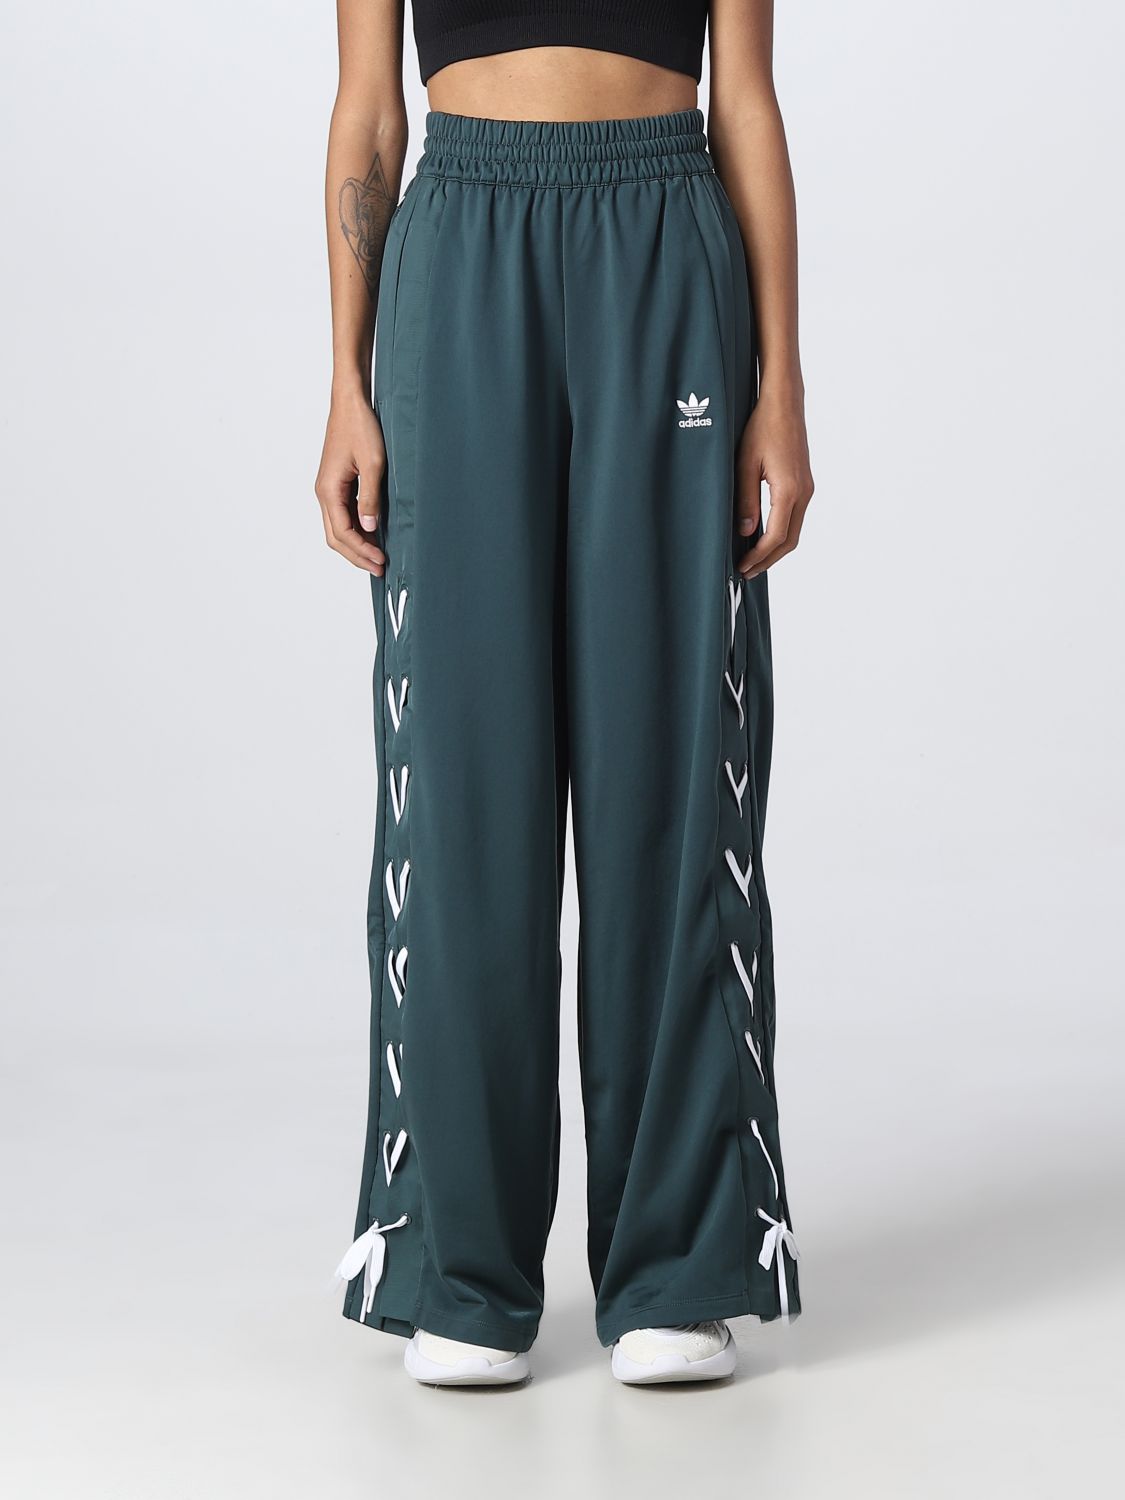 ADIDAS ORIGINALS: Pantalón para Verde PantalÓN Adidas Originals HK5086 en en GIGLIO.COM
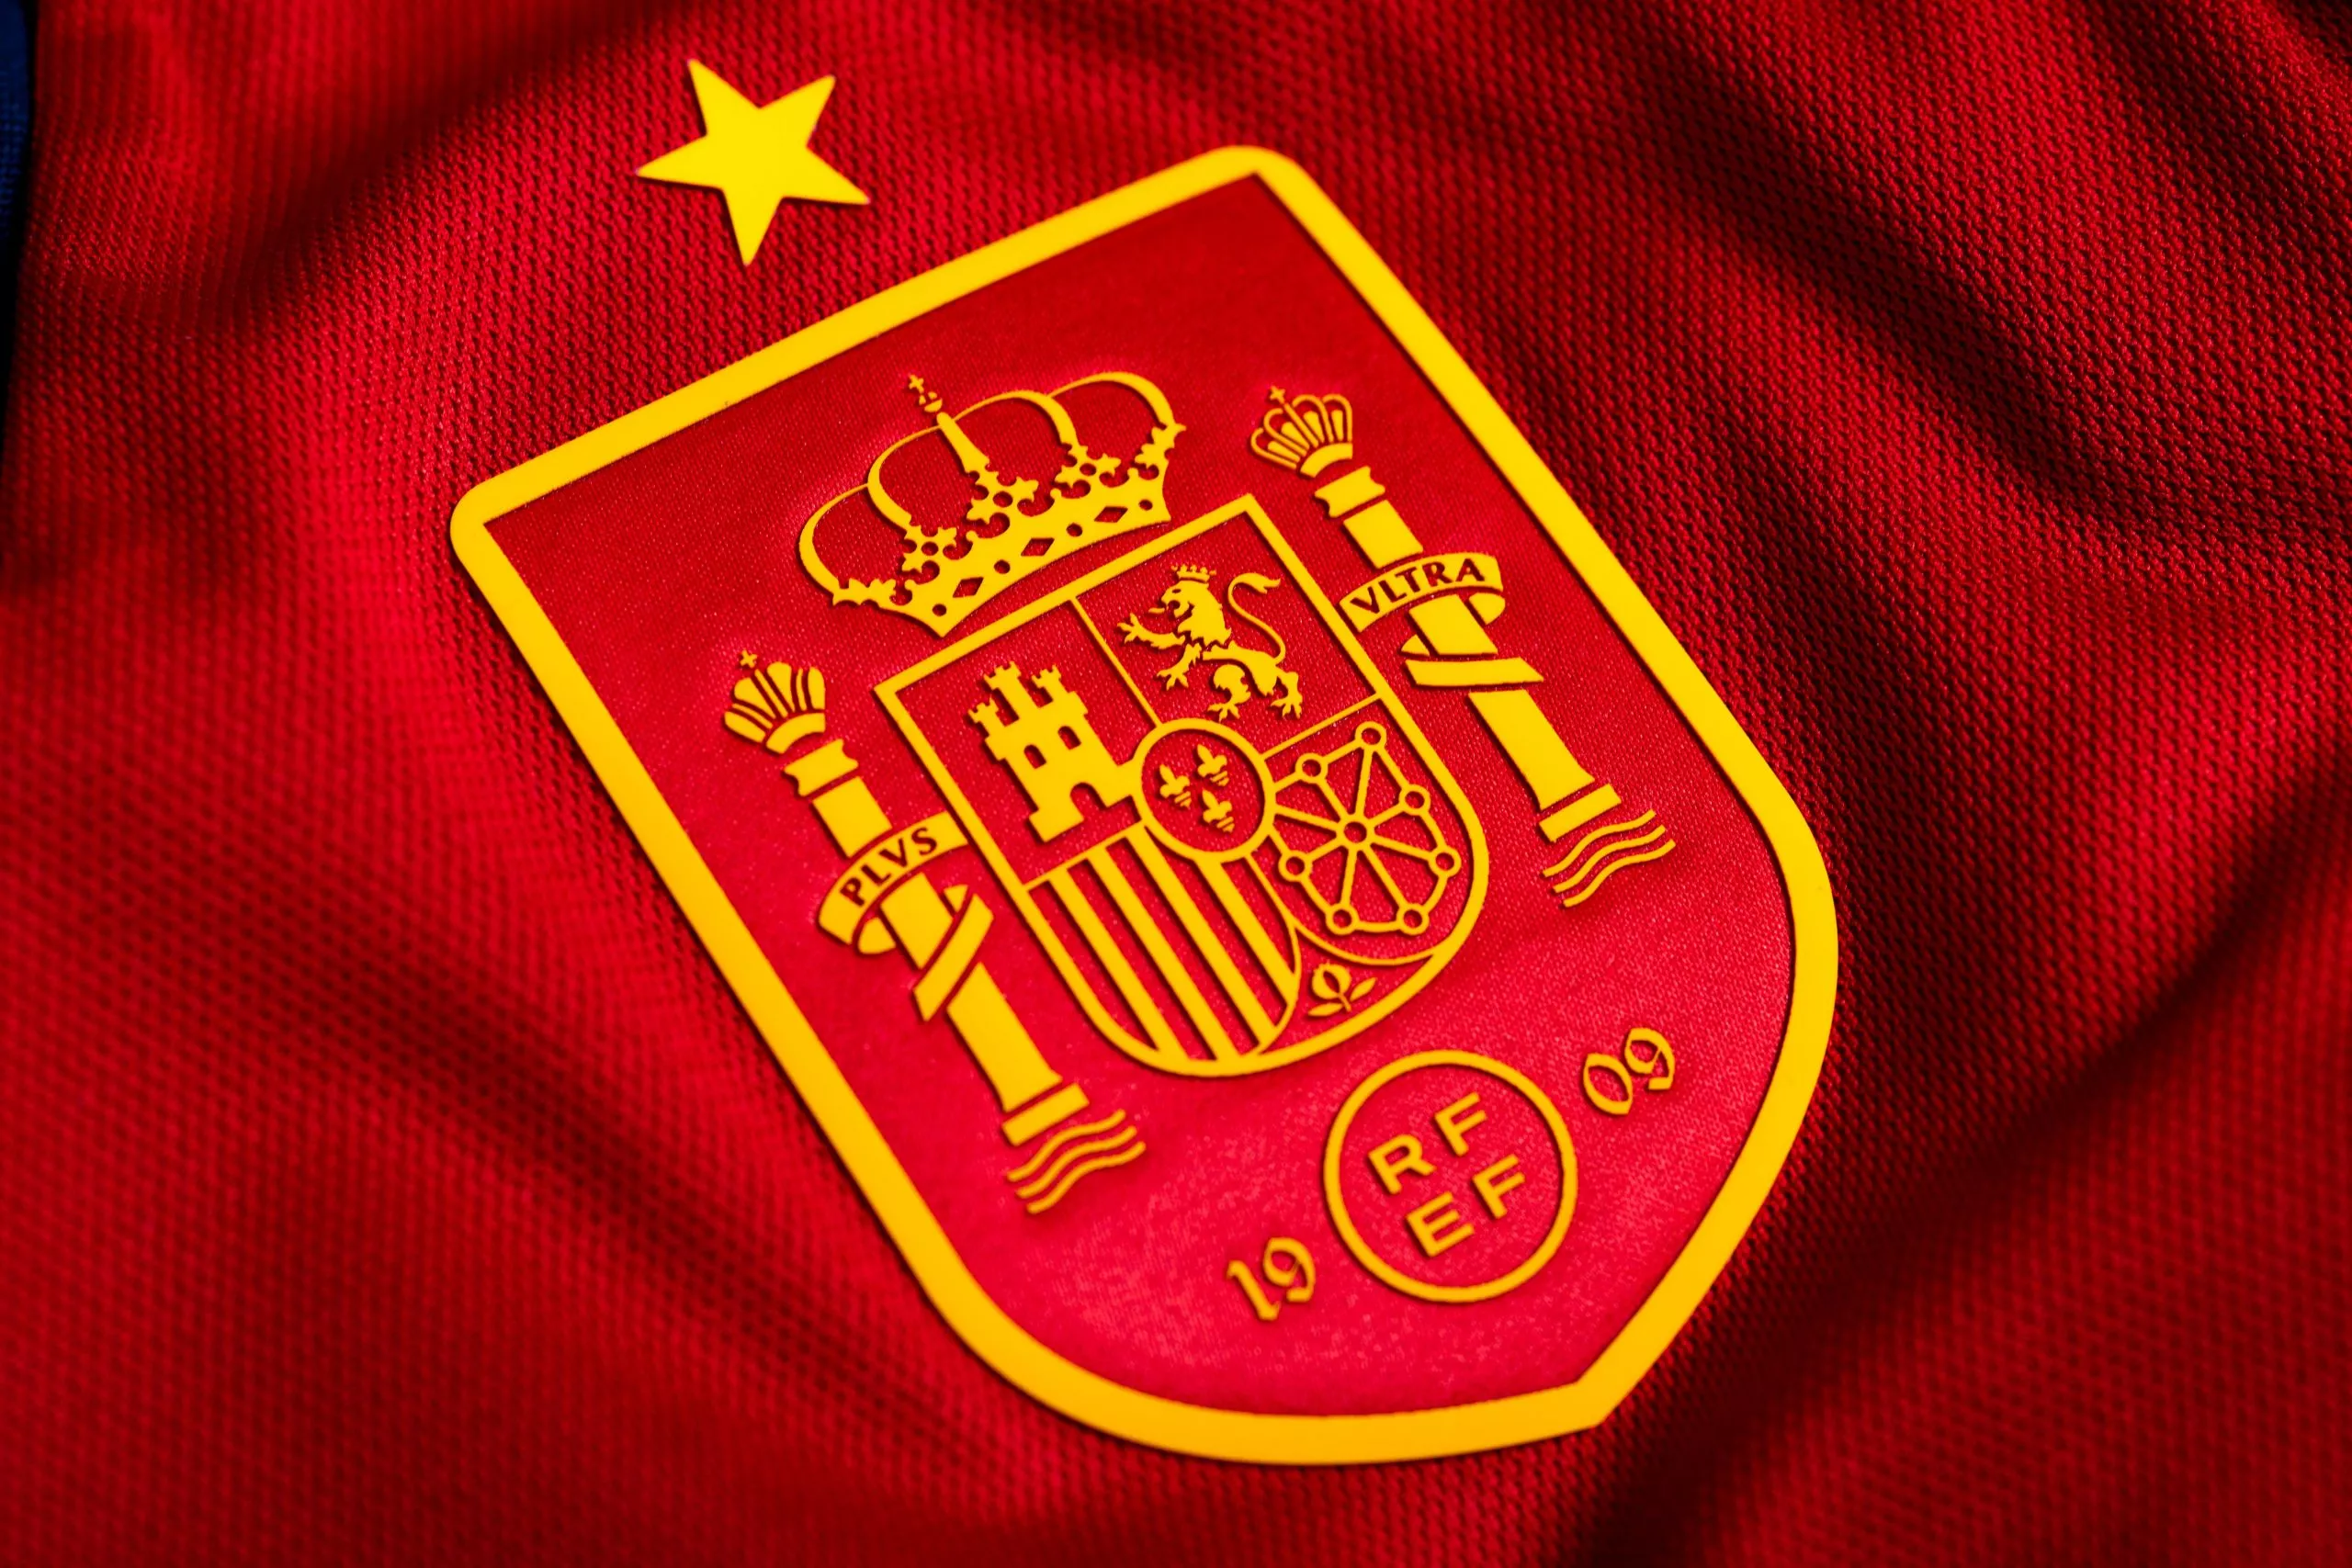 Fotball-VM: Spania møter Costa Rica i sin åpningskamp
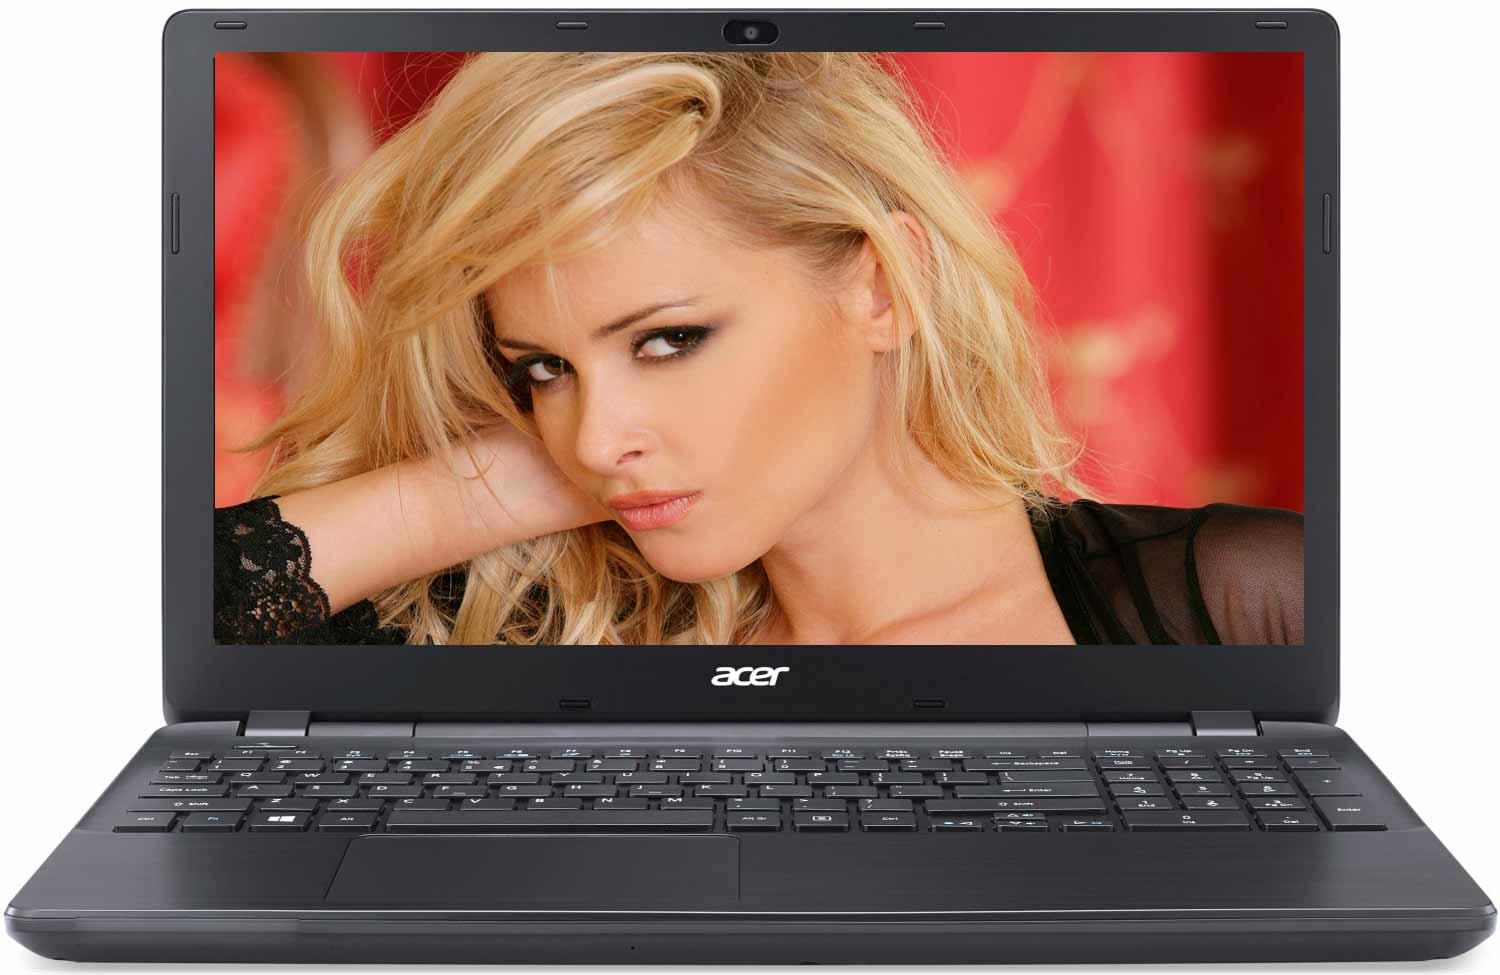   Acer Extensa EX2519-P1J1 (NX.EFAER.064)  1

━━━━━━━━━━━━━━━━━━━━━━━━━━━━━━

▶ _Exercise instructions_
Reproduce the data verbatim and omit each image.

▶ _Answer box_
 ADIDAS ORIGINALS: Pantalón para Verde PantalÓN Adidas Originals HK5086 en en GIGLIO.COM
 Fotball-VM: Spania møter Costa Rica i sin åpningskamp
   Acer Extensa EX2519-P1J1 (NX.EFAER.064)  1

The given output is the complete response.